The spectacular burials at Pazyryk are responsible for the introduction of the term kurgan, a Russian word of Turkic origin, into general usage to describe these tombs. The region of the Pazyryk kurgans is considered the type site of the wider Pazyryk culture. The site is included in the Golden Mountains of Altai UNESCO World Heritage Site.[3]

Pazyryk culture

The bearers of the Pazyryk culture were horse-riding pastoral nomads of the steppe, and some may have accumulated great wealth through horse trading with merchants in Persia, India and China.[4]

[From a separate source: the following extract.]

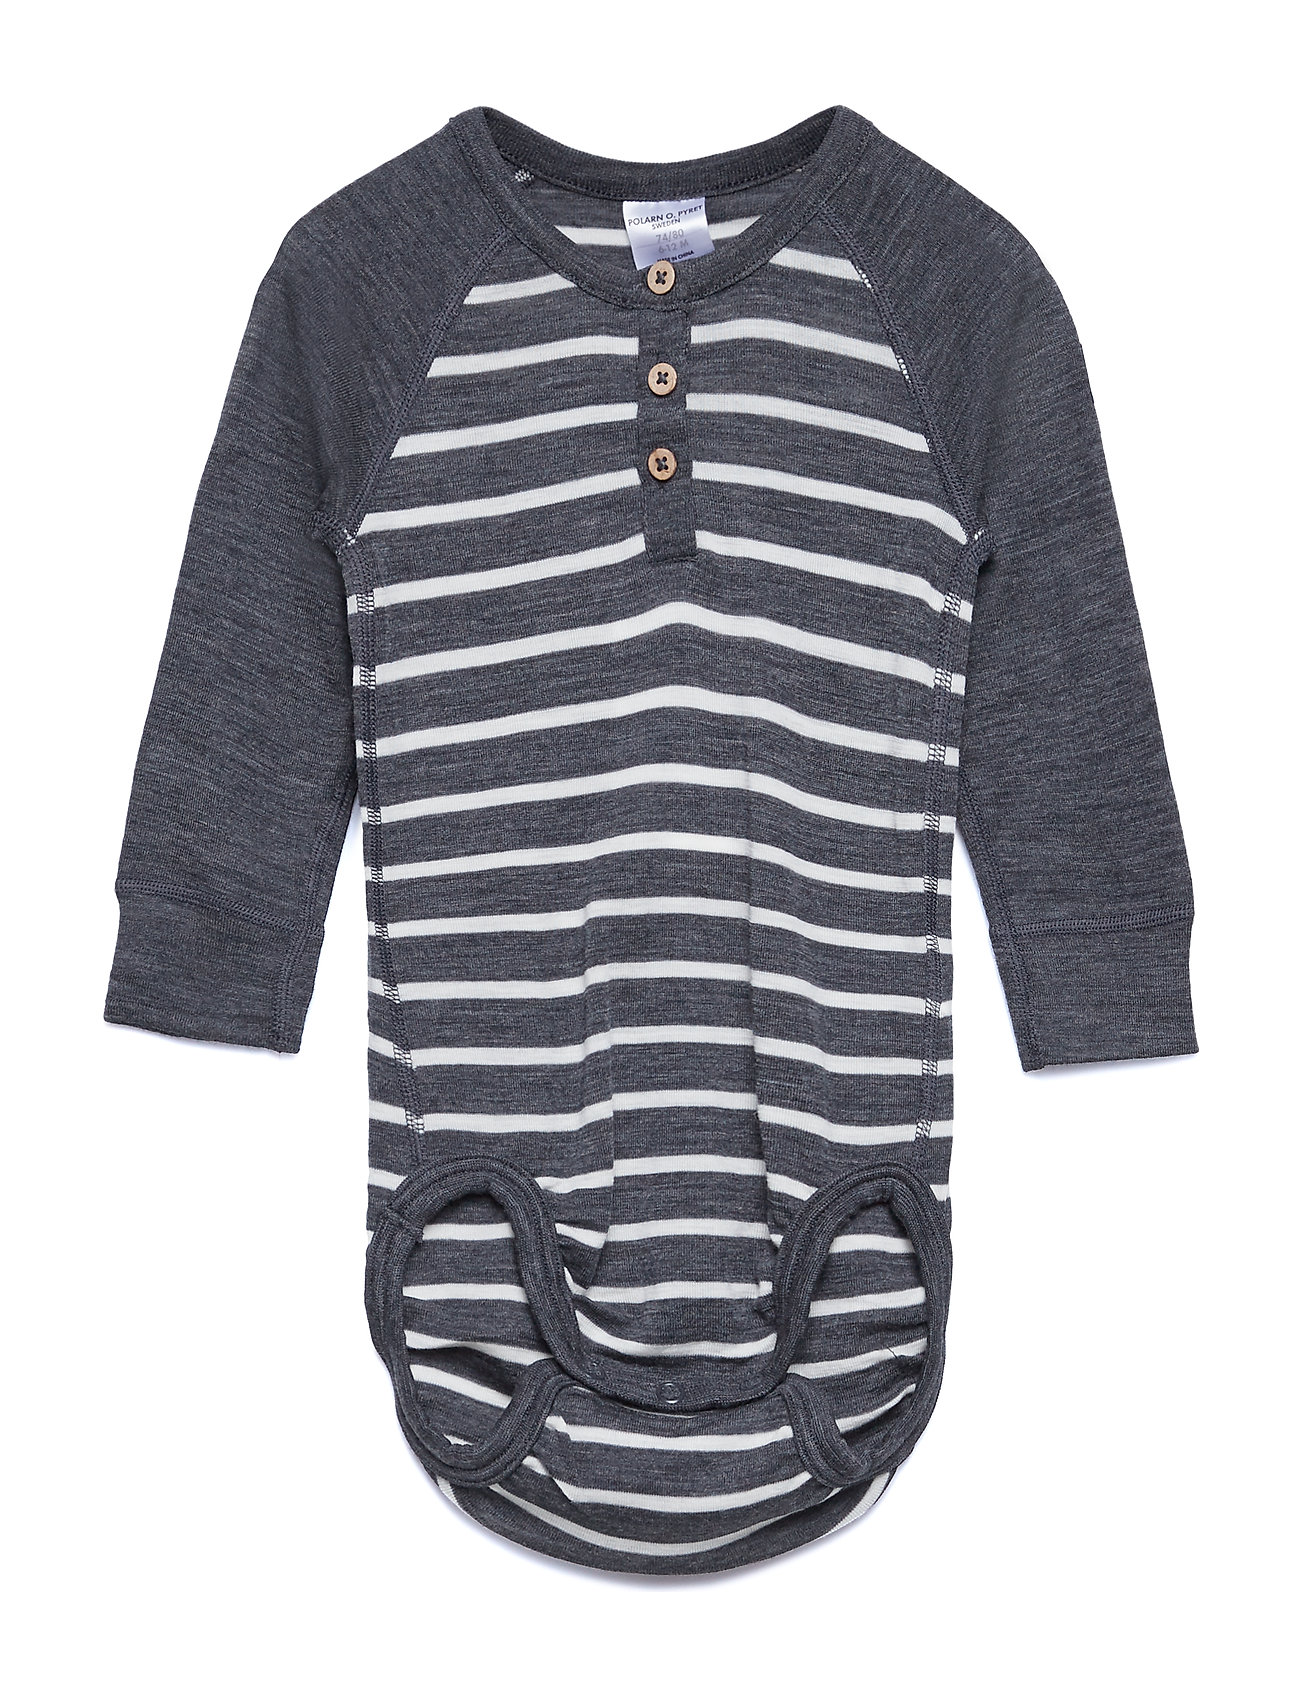 Polarn O. Pyret Body Wool Striped Baby

This wealth is evident in the wide array of finds from the Pazyryk tombs, which include many rare examples of organic objects such as felt hangings, Chinese silk, the earliest known pile carpet, horses decked out in elaborate trappings, and wooden furniture and other household goods. These finds were preserved when water seeped into the tombs in antiquity and froze, encasing the burial goods in ice, which remained frozen in the permafrost until the time of their excavation.

Jat History connections

Hukum Singh Panwar (Pauria)[5] writes that The Russian archaeologists discovered innumerable graves of the Saka Kings and chieftains in the Kuban, north of the Caucasus (7th-6th century B.C.), in the Crimea, in south Russia, in the Taman peninsula, in the Dnieper Valley as far up as Kiev, as well as in the Don, Donetz and Volga basins as far westwards as the Urals, in the Dunube basin as far west as Hungary and in what used to be East Prussia and is now Western Poland (6th-5th century B.C.)107. Excavations of the Royal Scythian tombs by M.P. Gryazhnov, S.I. Rudenko and others at Pazyryk and other sites in the Western Altai and nearer to lake Baikal (6th-4th century B.C. contemporary of Herodotus's Royal Scythians of South Russia) were most interesting and informative[6].


107. Lister. op.cit., pp. 70f

References

  1. "Ice Mummies: Siberian Ice Maiden". PBS - NOVA.
  2. A Special Issue on the Dating of Pazyryk. Source: Notes in the History of Art 10, no. 4, p. 4.
  3. "Golden Mountains of Altai". UNESCO.
  4. Bahn, Paul G. (2000). The Atlas of World Geology. New York: Checkmark Books. p. 128. ISBN 0-8160-4051-6.
  5. The Jats:Their Origin, Antiquity and Migrations/The identification of the Jats,p.318
  6. Artamonov, M.I.; 'Frozen Tombs of the Scythians', in the Scientific American, May, 1965, Vol. 212, No.5, pp. 100-109.